The electricity that the temperature adjustment buttons and control radiation source 1 that adjustment 1 temperature of radiation source is provided on the radiation source 1 switch
Source button can measure spark 4 minimum response temperature of probe, detection spark probe 4 by adjusting the height of 1 temperature of radiation source
Ignition source can be detected under actual condition, and passes to control cabinet after signal is amplified.
Further include signal amplifier, control cabinet and acoustooptic alarm, is provided in the installation cavity and connects with signal amplifier
The connector connect, the connector are connect with the spark probe 4 being located in installation cavity, and signal amplifier passes through control cabinet and audible and visible alarm
Device connection.
It further include the video camera for shooting the reciprocating movement of slide 3.The video camera is high-speed camera.Video camera installation
In the top of sliding rail 2.
When measuring the response time of spark probe 4, when simulation spark (ignition source) enters spark 4 response angle models of probe
In enclosing, spark probe 4 detects simulation spark (ignition source), and passes to control cabinet after signal is amplified and issue audible and visible alarm,
The intermediate time experienced is the response time of spark probe 4.Spark detector can be observed by the shooting of video camera
Response time
A method of spark probe working condition is detected, is included the following steps,
1) the distance between radiation source 1 and sliding rail 2 are adjusted, spark probe 4 is installed in installation cavity, by radiation source 1
Temperature is up adjusted from low, adjusts process herein, and spark probe 4 is moved back and forth with slide 3, and record acoustooptic alarm is rung for the first time
The temperature risen, slide 3 are out of service;
2) temperature of radiation source 1 is adjusted, so that it is more than or equal to the temperature that acoustooptic alarm sounds for the first time, by slide
3 are moved to the side of sliding rail 2, and slide 3 is moved along sliding rail 2, when record acoustooptic alarm sounds, scale of the slide 3 in sliding rail 2
On position, by graduation position calculate spark probe 4 response angle, by record graduation position and radiation source 1 project to
The distance between position and the distance between radiation source 1 and sliding rail 2 on sliding rail 2, two distances calculate angle initial value, by angle
Initial value is exactly the response angle of spark probe 4 multiplied by 2.
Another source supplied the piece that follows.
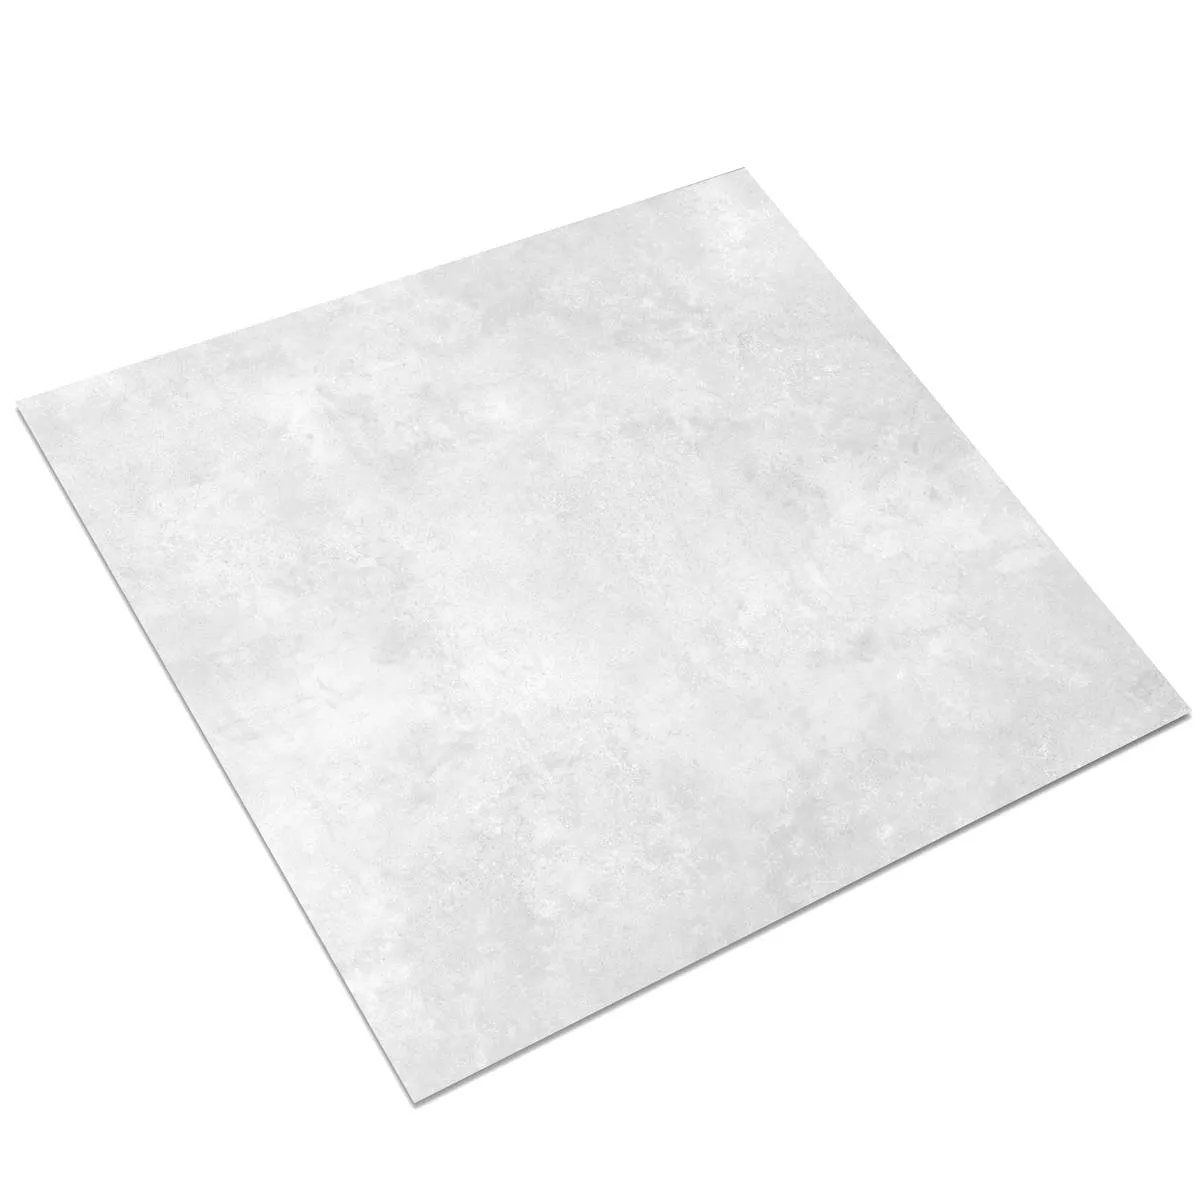 Πρότυπο Πλακάκι Δαπέδου Illusion Μεταλλική Εμφάνιση Lappato Ασπρο 60x60cm

It is further used as preferred embodiment, in step 2), slide 3 records acoustooptic alarm and ring from a Slideslip
After graduation position when rising, slide 3 is moved to the other side of sliding rail 2, acoustooptic alarm resets, and slide 3 is moved along sliding rail 2,
Graduation position of the record slide 3 when the mobile acoustooptic alarm in the side sounds calculates fire by the graduation position of 2 two sides of sliding rail
The response angle of flower probe 4.Specifically, it records side graduation position and radiation source 1 projects to the distance between position on sliding rail 2
With the distance between radiation source 1 and sliding rail 2, two distances calculate angle initial value one;Re-record other side graduation position and spoke
It penetrates source 1 and projects to the distance between position and the distance between radiation source 1 and sliding rail 2 on sliding rail 2, two distances calculate angle
Initial value two, the sum of angle initial value one and angle initial value two are the response angle of spark probe 4.
It is further used as preferred embodiment, after step 2), video camera is opened, slide 3 is moved to sliding rail 2
Side, slide 3 are moved along sliding rail 2, time and acousto-optic by camera record slide 3 by the graduation position on sliding rail 2
The time that alarm device sounds, and then record the response time of spark probe 4.
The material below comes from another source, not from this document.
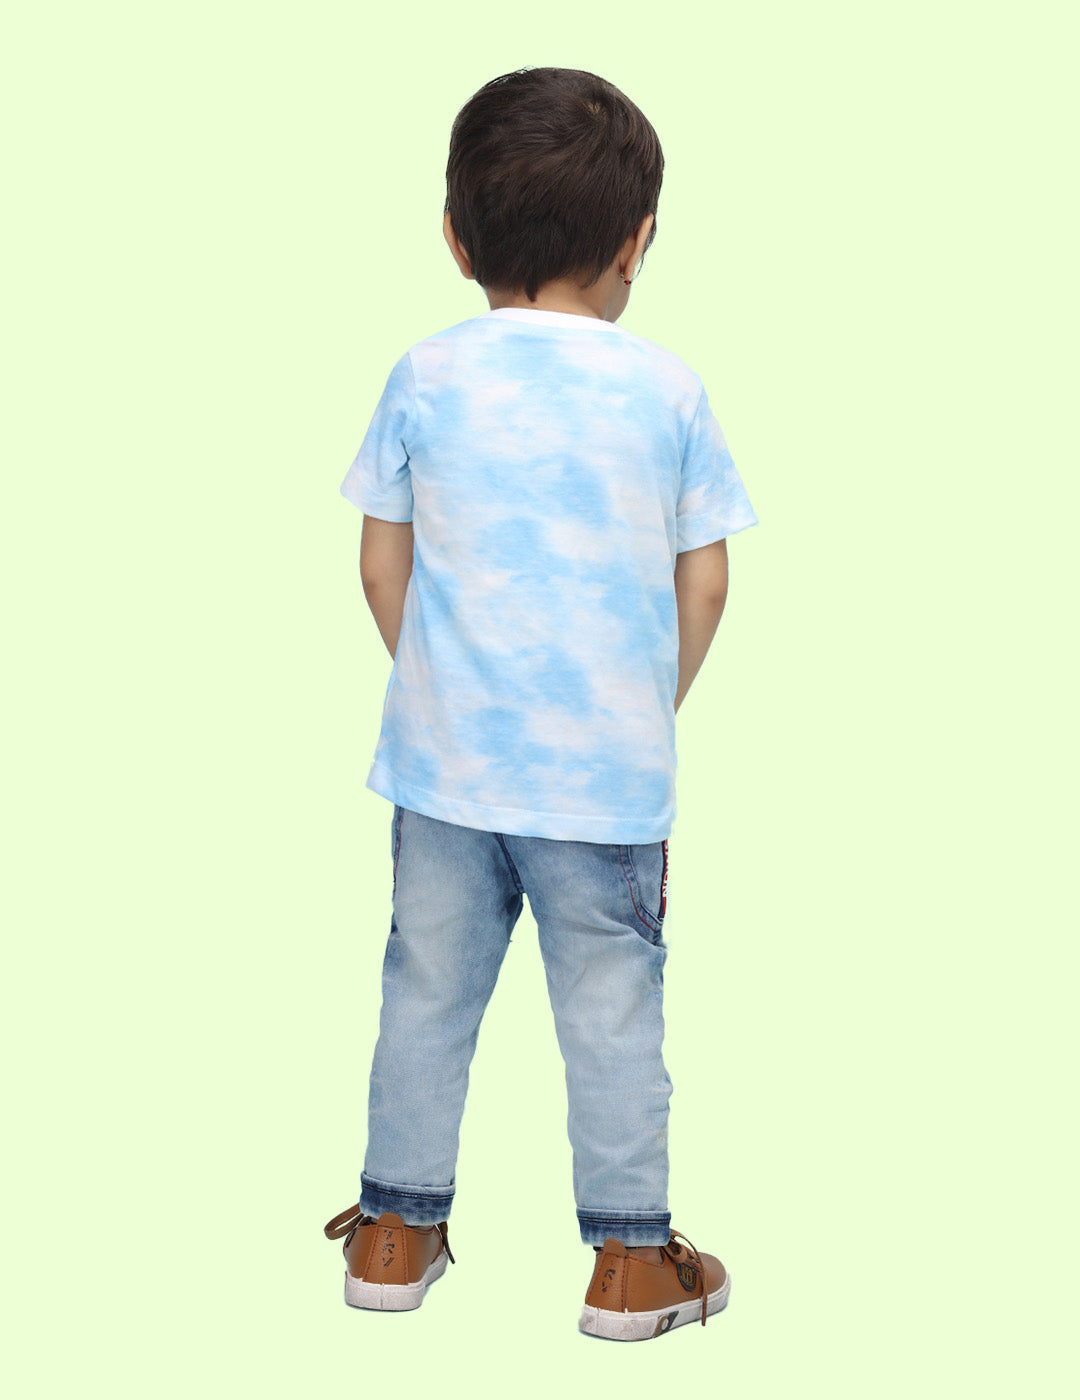 Nusyl infants blue be cute printed Tie & Dye tshirt.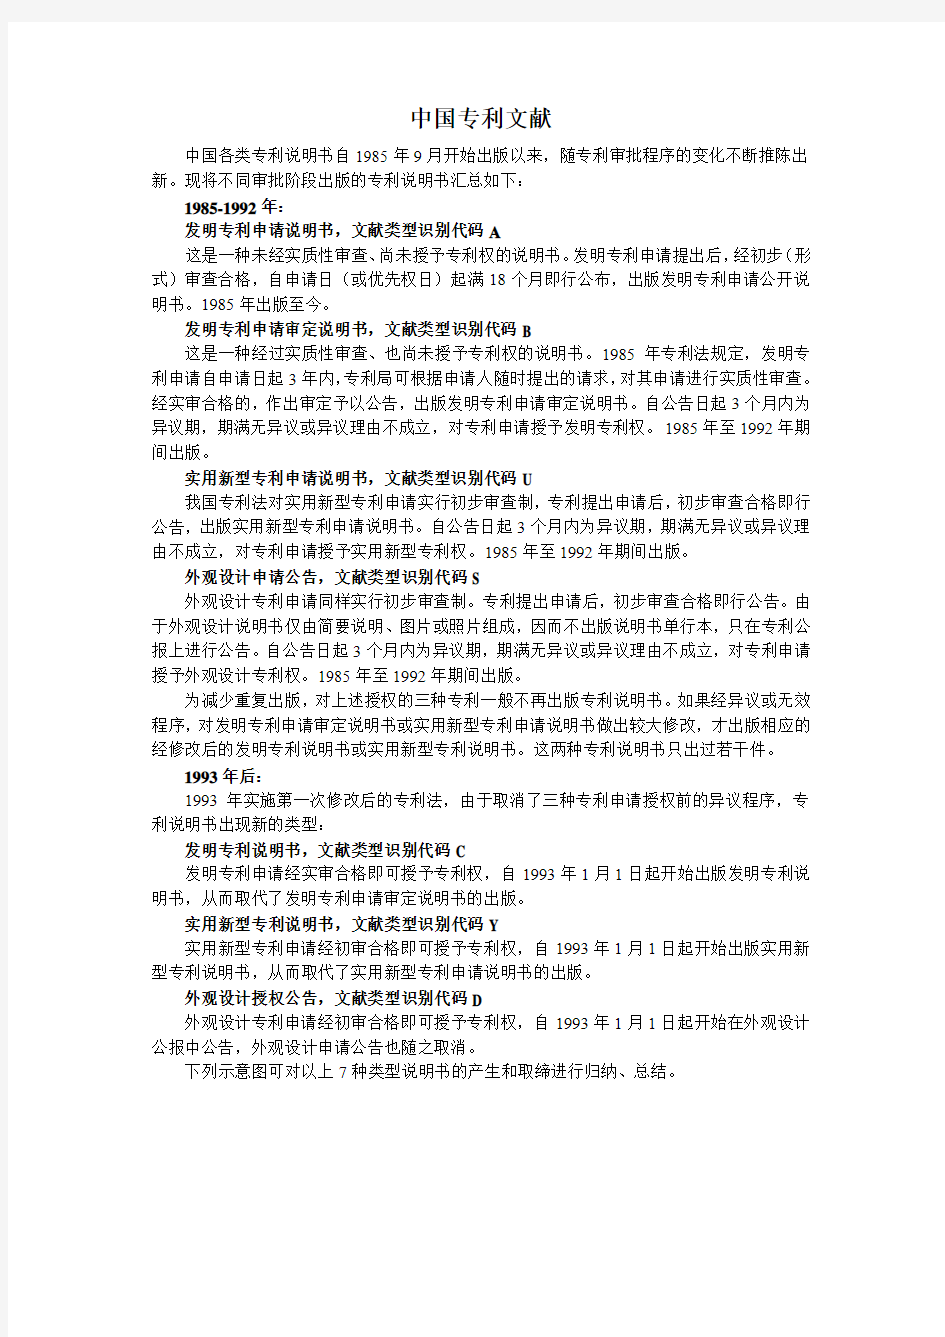 中国专利文献介绍

It is to be illustrated to better embodiment of the invention, but the invention is not limited to the reality above
Example is applied, those skilled in the art can also make various equivalent modifications on the premise of without prejudice to spirit of the invention or replace
It changes, these equivalent variation or replacement are all included in the scope defined by the claims of the present application.
Claims (9)
1. a kind of device of detection spark probe working condition, it is characterised in that: including radiation source and on the outside of radiation source
Sliding rail, a slide moved back and forth along sliding rail is provided on the sliding rail, and the slide is equipped with for installing spark probe
Installation cavity, the slide are vertical with the direction of radiation source and sliding rail line along the direction that sliding rail moves back and forth.
2. the device of detection spark probe working condition according to claim 1, it is characterised in that: the table top of the sliding rail
On indicate scale.
3. the device of detection spark probe working condition according to claim 1, it is characterised in that: the radiation source and cunning
The distance between middle part of rail is 10~150cm.
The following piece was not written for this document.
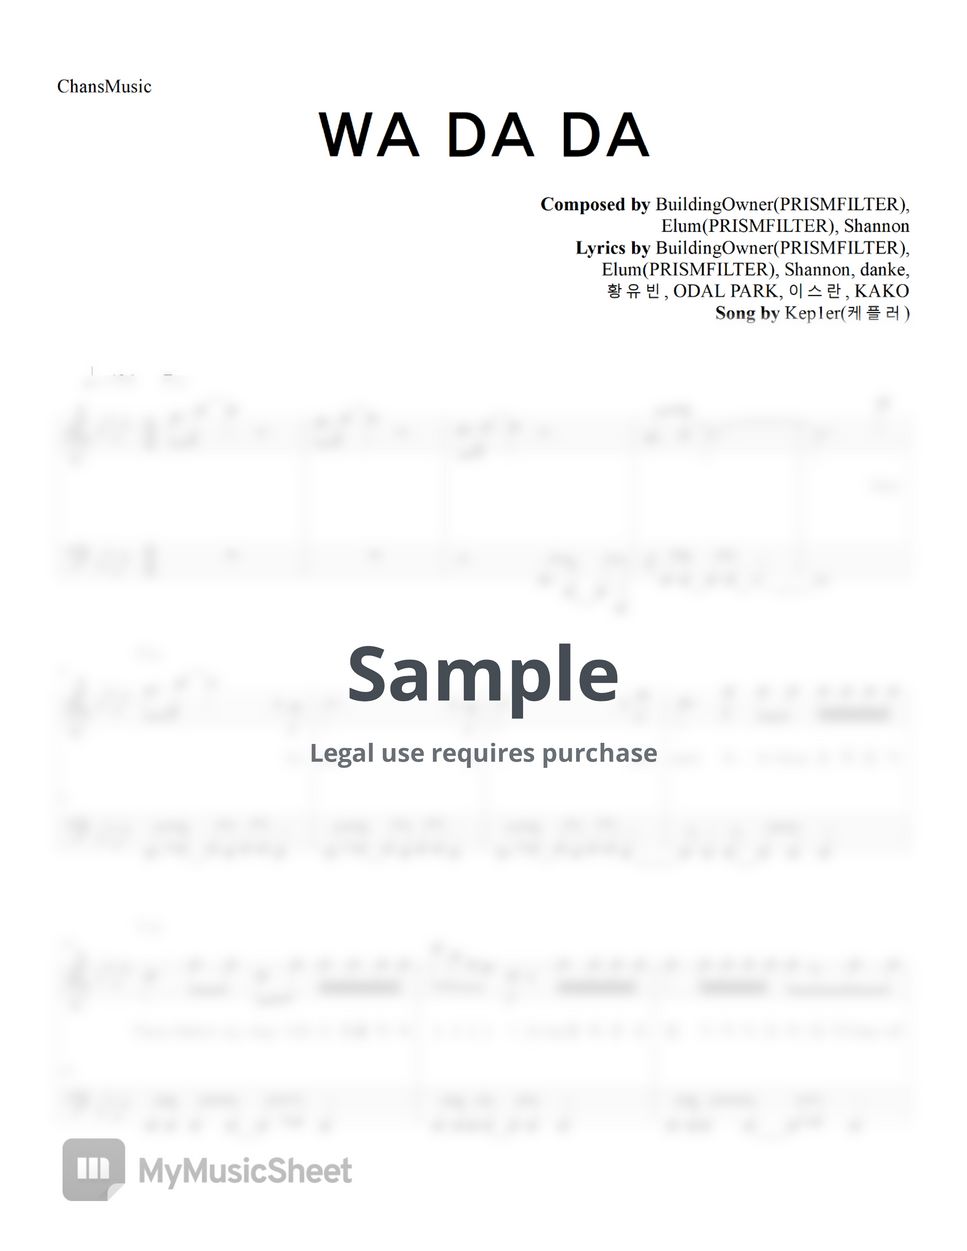 Kep1er - WA DA DA (Easy Version) by ChansMusic

4. the device of detection spark probe working condition according to claim 1, it is characterised in that: set on the radiation source
It is equipped with the temperature adjustment buttons of adjustment source temperature and the power knob of control radiation source switch.
5. the device of detection spark probe working condition according to any one of claims 1 to 4, it is characterised in that: also wrap
Signal amplifier, control cabinet and acoustooptic alarm are included, the connector connecting with signal amplifier is provided in the installation cavity, it is described
Connector is popped one's head in the spark being located in installation cavity and is connected, and signal amplifier is connect by control cabinet with acoustooptic alarm.
6. the device of detection spark probe working condition according to any one of claims 1 to 4, it is characterised in that: also wrap
Include the video camera for shooting slide reciprocating movement.
7. a kind of method of detection spark probe working condition, it is characterised in that: include the following steps,
1) the distance between radiation source and sliding rail are adjusted, spark is popped one's head in and is installed in installation cavity, by the temperature of radiation source from low
It up adjusting, adjusts process herein, spark probe is moved back and forth with slide, the temperature that record acoustooptic alarm sounds for the first time,
Slide is out of service;
2) temperature of radiation source is adjusted, so that it is more than or equal to the temperature that acoustooptic alarm sounds for the first time, slide is mobile
To the side of sliding rail, slide is moved along sliding rail, when record acoustooptic alarm sounds, position of the slide on the scale of sliding rail,
The response angle of spark probe is calculated by graduation position.
8. the method for detection spark probe working condition according to claim 7, it is characterised in that: sliding in step 2)
Seat is from a Slideslip, after recording graduation position when acoustooptic alarm sounds, slide is moved to the other side of sliding rail, acousto-optic is alert
Device is reported to reset, slide is moved along sliding rail, and graduation position of the record slide when the mobile acoustooptic alarm in the side sounds passes through sliding rail
The graduation position of two sides calculates the response angle of spark probe.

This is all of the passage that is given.